If you don’t own a motorboat, which we don’t, the options are to borrow one, with or without driver (raising the question of remuneration), or… row. I think we’re probably going to row all the way over and back.
Yes? A question in the back? Why didn’t we carry our purchase back to Venice on the bus and vaporetto? Because of the 180-cm stanchions. Lino was convinced that they would be a big problem on the vaporetto, not to mention the bus.
However, we saw someone on the bus hauling a pair of skis and a big IKEA bag with two pairs of ski boots; I pointed him out to Lino saying, “Well, nobody minds him carrying his skis on the bus, and they’re no longer than the stanchions.”

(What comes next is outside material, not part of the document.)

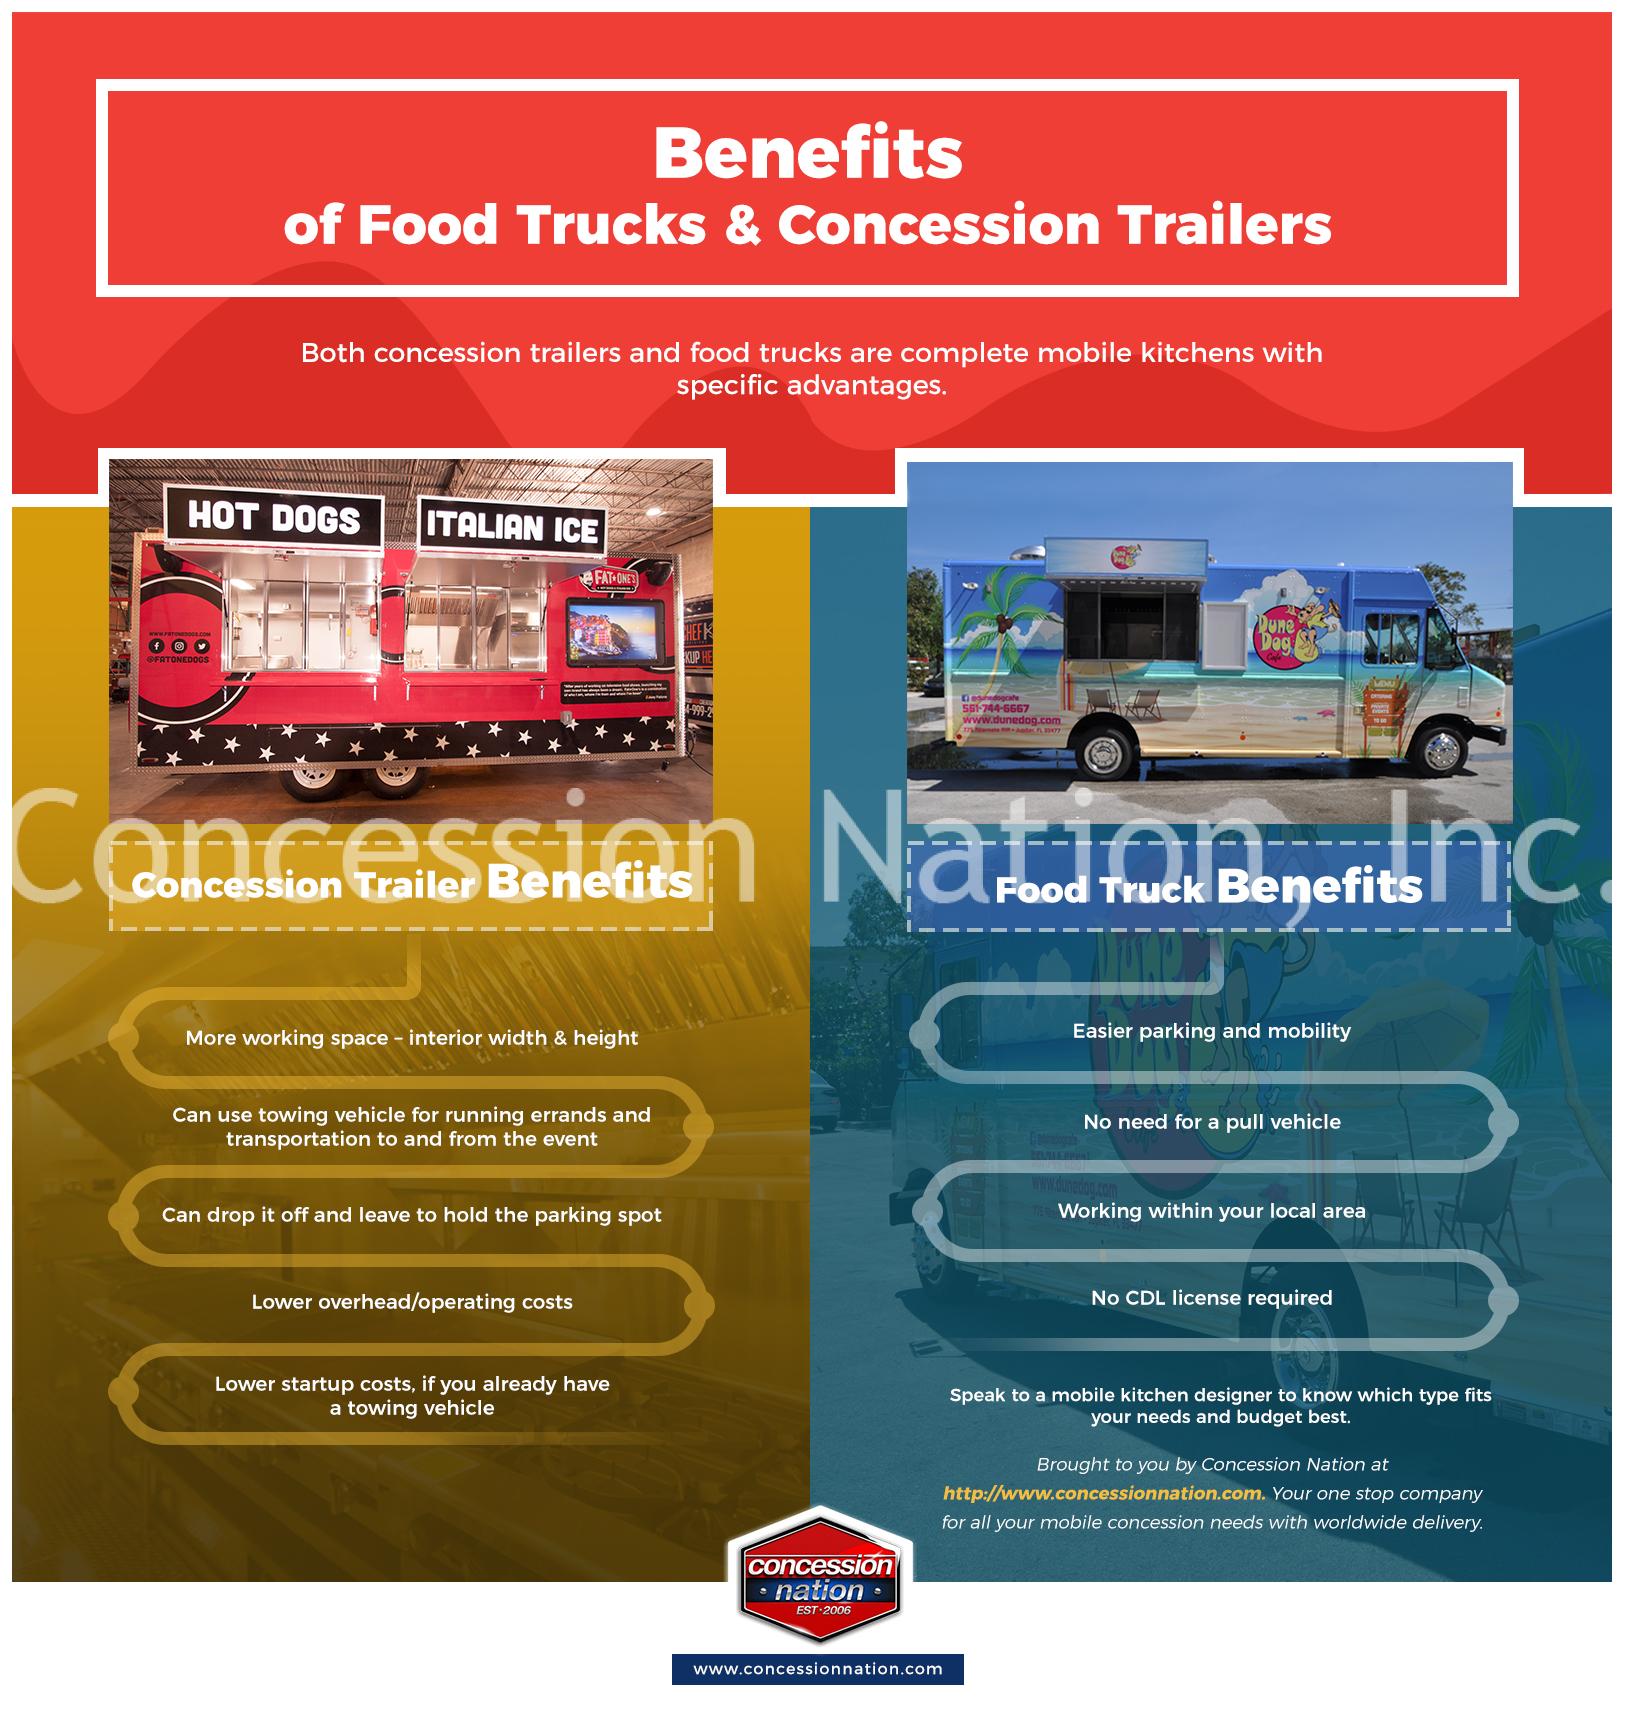 Food Trucks and Concession Trailers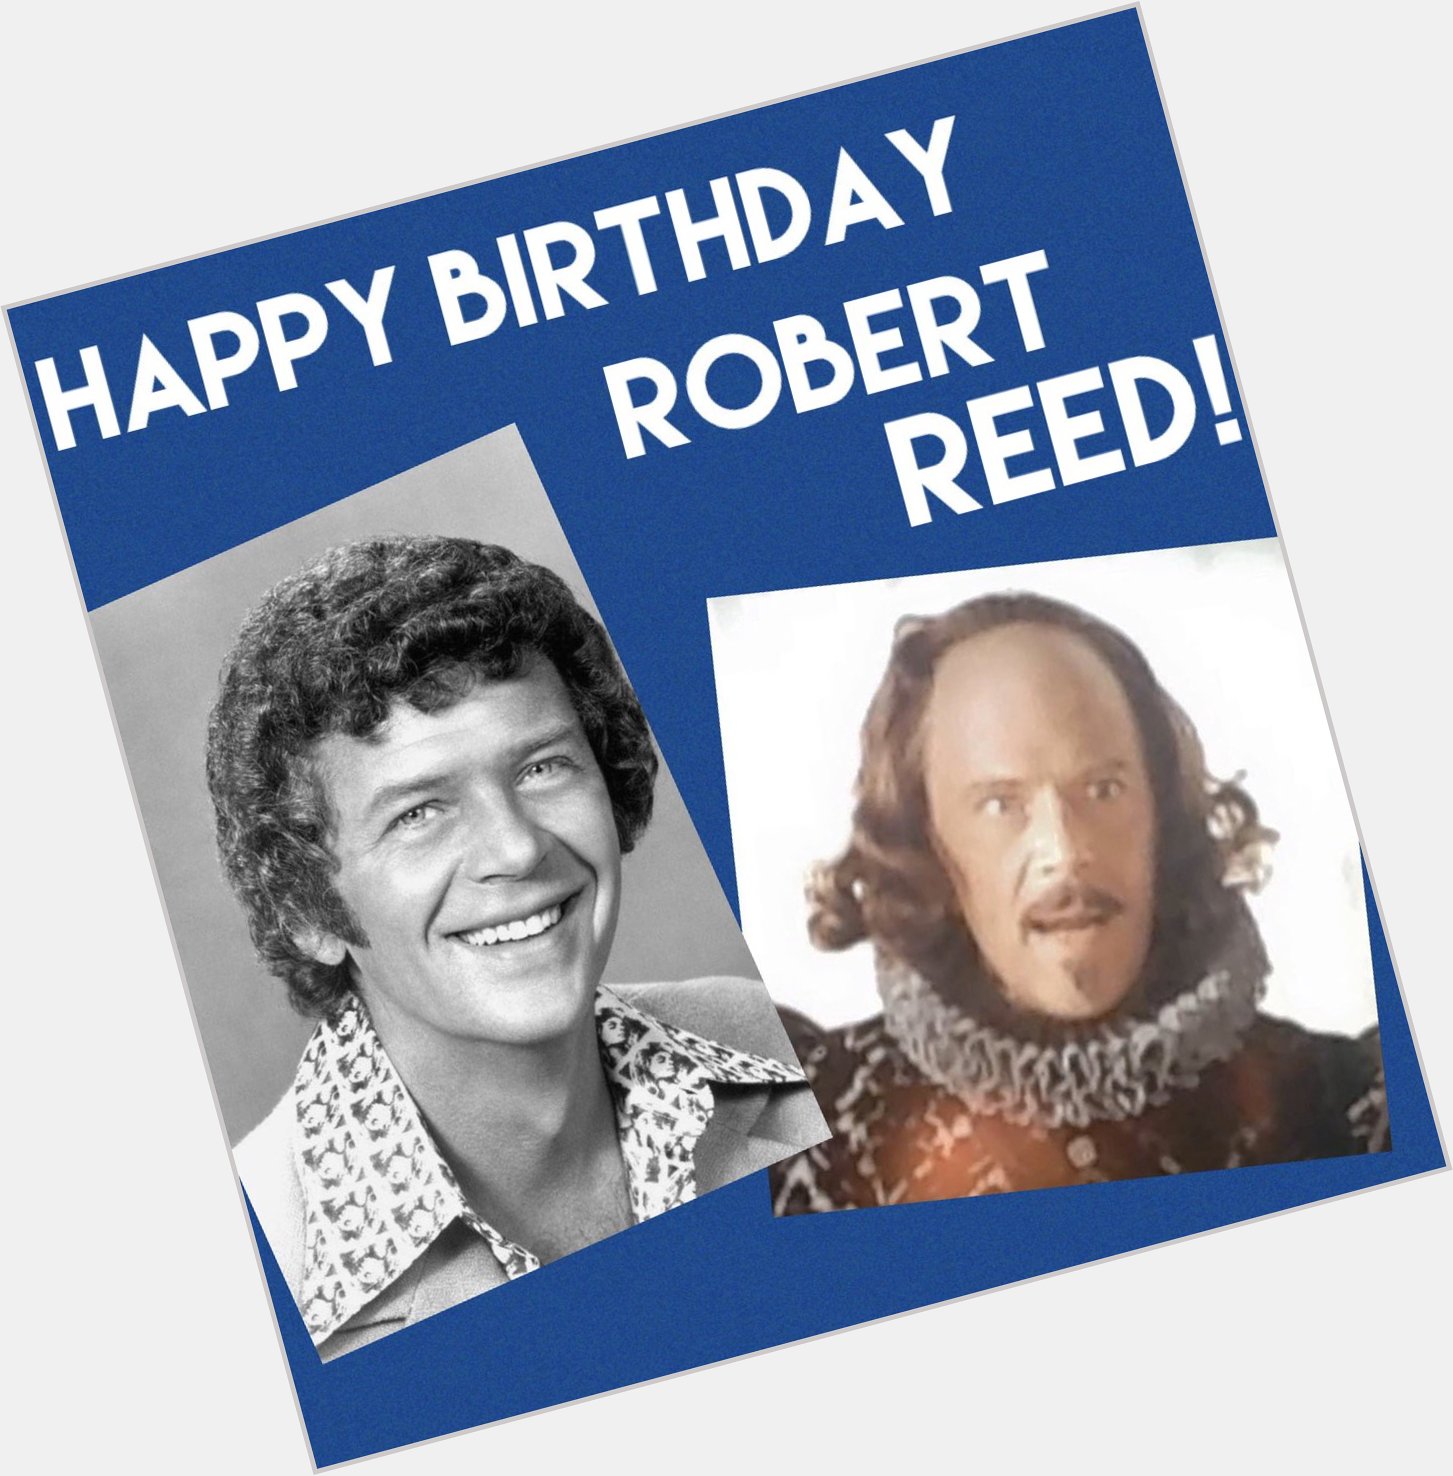 As Mike Brady and as Shakespeare he was nothing short of groovy! Happy 87th birthday, Robert Reed!

Lino retorted that the bus wasn’t crowded, which wasn’t going to be true of the vaporetto; in any case, logic is a frail reed — you can’t lean heavy arguments against it. Besides, we both know that it’s the marinaio (the person who ties up the boat at each stop) who gets to decide what to allow on board.
A plumber once told us that he was about to get on the vaporetto one morning with his cart loaded with his tools, and the marinaio told him he couldn’t get on.
“The vaporetto was half-empty,” the plumber said. “So I asked him why?’
“He told me, ‘Because I said so.'”
I didn’t especially want to have to wait on the dock with my stanchions, which in fact are no higher than plenty of people, till a marinaio arrived who wouldn’t consider my cargo excessive. I would have risked it, but Lino drew the line.
Now I have to start thinking about how I can construct a brace, seeing that there are none to be had, not even for ready money.
Then again, it’s not hard to find reminders of why it’s worth putting up with all the inconvenience.
I must remember that one reason it still works so well for the egrets is because they have very few needs. Least of all for a bookcase.And speaking of logistics, I withdraw my objections to everything, Your Honor, and yield to the honorable new mother of twins. Zounds!